**ACTIVITY:**
Top to bottom, every record is to be copied word for word.

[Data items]
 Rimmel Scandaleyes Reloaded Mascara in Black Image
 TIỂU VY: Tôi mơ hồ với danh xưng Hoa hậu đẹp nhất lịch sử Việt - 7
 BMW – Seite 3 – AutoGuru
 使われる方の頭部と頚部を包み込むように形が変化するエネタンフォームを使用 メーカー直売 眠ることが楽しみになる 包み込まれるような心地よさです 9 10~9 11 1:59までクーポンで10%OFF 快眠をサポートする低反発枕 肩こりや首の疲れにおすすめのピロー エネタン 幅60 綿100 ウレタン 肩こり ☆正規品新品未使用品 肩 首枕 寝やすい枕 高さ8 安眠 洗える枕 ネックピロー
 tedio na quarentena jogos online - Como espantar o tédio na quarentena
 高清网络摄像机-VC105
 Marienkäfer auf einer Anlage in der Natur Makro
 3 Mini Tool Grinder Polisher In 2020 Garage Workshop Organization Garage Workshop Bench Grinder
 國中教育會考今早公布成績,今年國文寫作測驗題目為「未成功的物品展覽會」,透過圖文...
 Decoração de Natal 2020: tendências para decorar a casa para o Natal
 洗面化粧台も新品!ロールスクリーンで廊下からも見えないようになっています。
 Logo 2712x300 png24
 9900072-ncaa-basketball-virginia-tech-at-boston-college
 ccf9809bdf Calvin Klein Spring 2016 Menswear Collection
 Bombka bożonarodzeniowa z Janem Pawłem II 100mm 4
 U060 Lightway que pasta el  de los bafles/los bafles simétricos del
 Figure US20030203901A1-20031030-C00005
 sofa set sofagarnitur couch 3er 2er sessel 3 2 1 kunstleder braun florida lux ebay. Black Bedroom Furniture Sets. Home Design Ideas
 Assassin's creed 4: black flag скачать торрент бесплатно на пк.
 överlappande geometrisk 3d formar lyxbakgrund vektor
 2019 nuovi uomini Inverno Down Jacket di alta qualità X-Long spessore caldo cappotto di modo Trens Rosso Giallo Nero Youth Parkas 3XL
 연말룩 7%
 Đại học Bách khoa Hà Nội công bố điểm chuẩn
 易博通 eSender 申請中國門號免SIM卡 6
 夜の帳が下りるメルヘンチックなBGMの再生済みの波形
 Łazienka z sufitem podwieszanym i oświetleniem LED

**WRITTEN SOLUTION:**
 Rimmel Scandaleyes Reloaded Mascara in Black Image
 TIỂU VY: Tôi mơ hồ với danh xưng Hoa hậu đẹp nhất lịch sử Việt - 7
 BMW – Seite 3 – AutoGuru
 使われる方の頭部と頚部を包み込むように形が変化するエネタンフォームを使用 メーカー直売 眠ることが楽しみになる 包み込まれるような心地よさです 9 10~9 11 1:59までクーポンで10%OFF 快眠をサポートする低反発枕 肩こりや首の疲れにおすすめのピロー エネタン 幅60 綿100 ウレタン 肩こり ☆正規品新品未使用品 肩 首枕 寝やすい枕 高さ8 安眠 洗える枕 ネックピロー
 tedio na quarentena jogos online - Como espantar o tédio na quarentena
 高清网络摄像机-VC105
 Marienkäfer auf einer Anlage in der Natur Makro
 3 Mini Tool Grinder Polisher In 2020 Garage Workshop Organization Garage Workshop Bench Grinder
 國中教育會考今早公布成績,今年國文寫作測驗題目為「未成功的物品展覽會」,透過圖文...
 Decoração de Natal 2020: tendências para decorar a casa para o Natal
 洗面化粧台も新品!ロールスクリーンで廊下からも見えないようになっています。
 Logo 2712x300 png24
 9900072-ncaa-basketball-virginia-tech-at-boston-college
 ccf9809bdf Calvin Klein Spring 2016 Menswear Collection
 Bombka bożonarodzeniowa z Janem Pawłem II 100mm 4
 U060 Lightway que pasta el  de los bafles/los bafles simétricos del
 Figure US20030203901A1-20031030-C00005
 sofa set sofagarnitur couch 3er 2er sessel 3 2 1 kunstleder braun florida lux ebay. Black Bedroom Furniture Sets. Home Design Ideas
 Assassin's creed 4: black flag скачать торрент бесплатно на пк.
 överlappande geometrisk 3d formar lyxbakgrund vektor
 2019 nuovi uomini Inverno Down Jacket di alta qualità X-Long spessore caldo cappotto di modo Trens Rosso Giallo Nero Youth Parkas 3XL
 연말룩 7%
 Đại học Bách khoa Hà Nội công bố điểm chuẩn
 易博通 eSender 申請中國門號免SIM卡 6
 夜の帳が下りるメルヘンチックなBGMの再生済みの波形
 Łazienka z sufitem podwieszanym i oświetleniem LED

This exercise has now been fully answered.